Chapter A15 Sample Test


1. For the idealized airfoil and loading shown and assuming the webs are ineffective in carrying bending, determine and draw

(a) the resisting shear flow pattern,
(b) the resisting shear flow pattern, if a .03-in thick, flat vertical web is added between stringers 1 and 4.

The internal transverse shear load is 1000 lb down.

NOTE:The thickness of web 2-3 is .01" and that of web 3-4 is .02".


q1-2 = 1.103 lb/in from 2 to 1;
q2-3 = 48.897 lb/in from 2 to 3;
q3-4 = 1.103 lb/in from 4 to 3;
q4-1 = 51.103 lb/in from 1 to 4.

q1-2 = 13.62 lb/in from 2 to 1;
q2-3 = 36.38 lb/in from 2 to 3;
q3-4 = 13.62 lb/in from 4 to 3;
q4-1 (flat web) = 58.2 lb/in from 1 to 4
q4-1 (curved web) = 5.42 lb/in from 1 to 4.

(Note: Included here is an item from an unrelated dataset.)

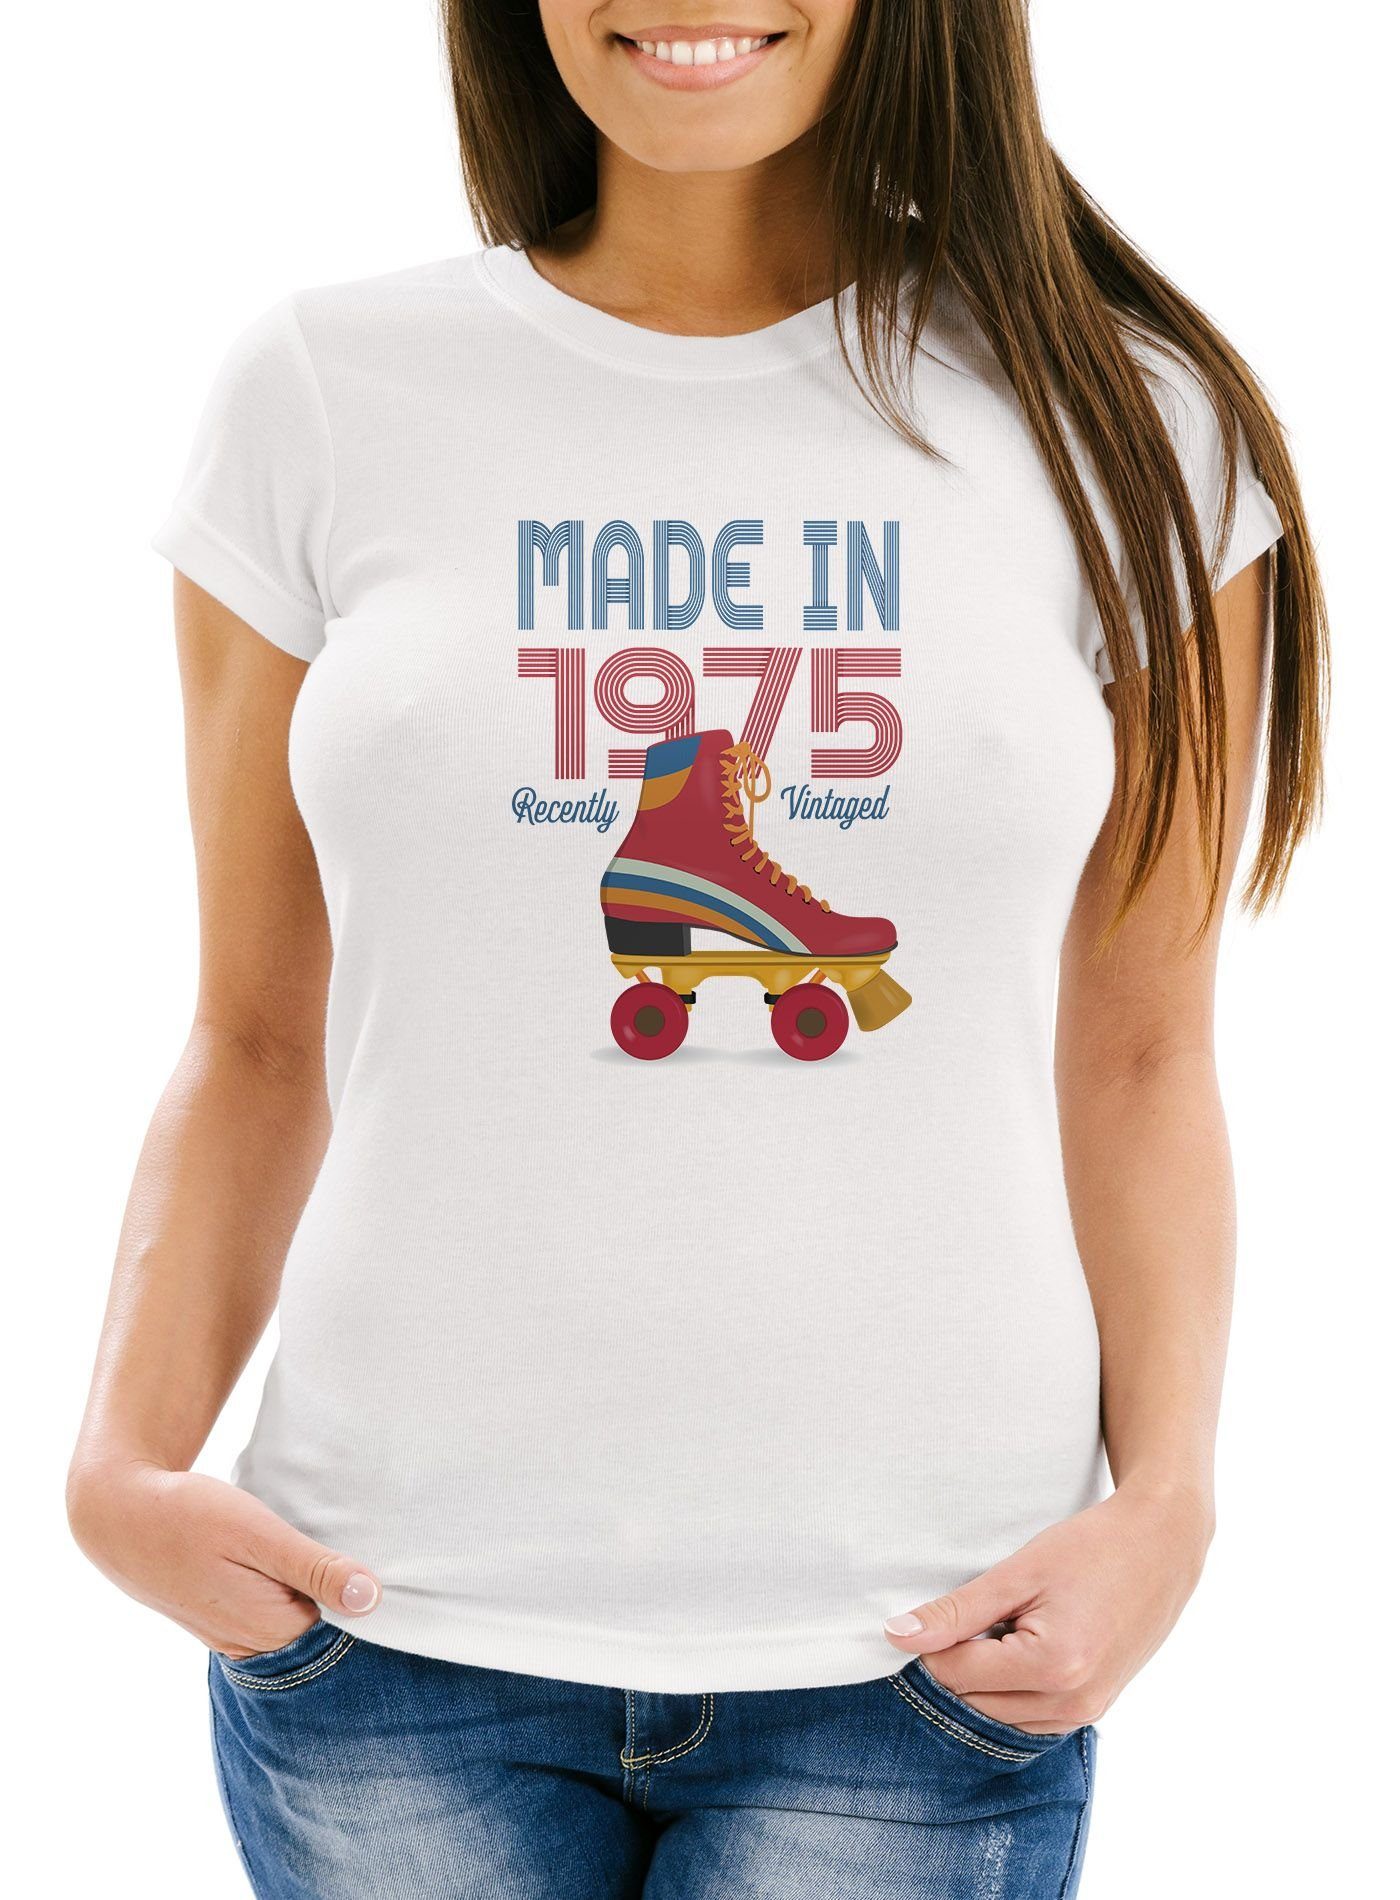 1975 weiß 70er mit Moonworks® T-Shirt Fit Print-Shirt Geschenk-Shirt Geburtstag Vintage Print Siebziger Jahre Damen Retro Slim MoonWorks

2. For the two-cell, three-stringer cantilever beam shown, if the applied load passes through the shear center, determine

(a) the shear flow distribution at the root,
(b) the axial force in each stringer at the root if the beam has a length of 96",
(c) the magnitude and location of maximum shear stress,
(d) the x coordinate of the shear center, ex


(a) qAB (semi-cir.) = 108.61 lb/in upward, qAB = 127.96 lb/in upward, qAC = 13.43 lb/in to the left, and qBC = 13.43 lb/in to the right.
(b) FA = 24,000 lb (T), FB = 24,000 lb (C), FC = 0 lb.
(c) maximum shear stress = 4,265.33 psi in flat web AB.
(d) ex = 0.72 in to the right of stringer A.

3. For the 2-cell box beam of problem 2, determine the y coordinate of the shear center.
Hint: Keep in mind that although the stringers are distributed symmetrically about the horizontal centroidal axis, the webs are not.


ey = 1.334 in above the centroidal horizontal axis.
NOTE: if web AC and BC had equal thickness, then ey would have been zero.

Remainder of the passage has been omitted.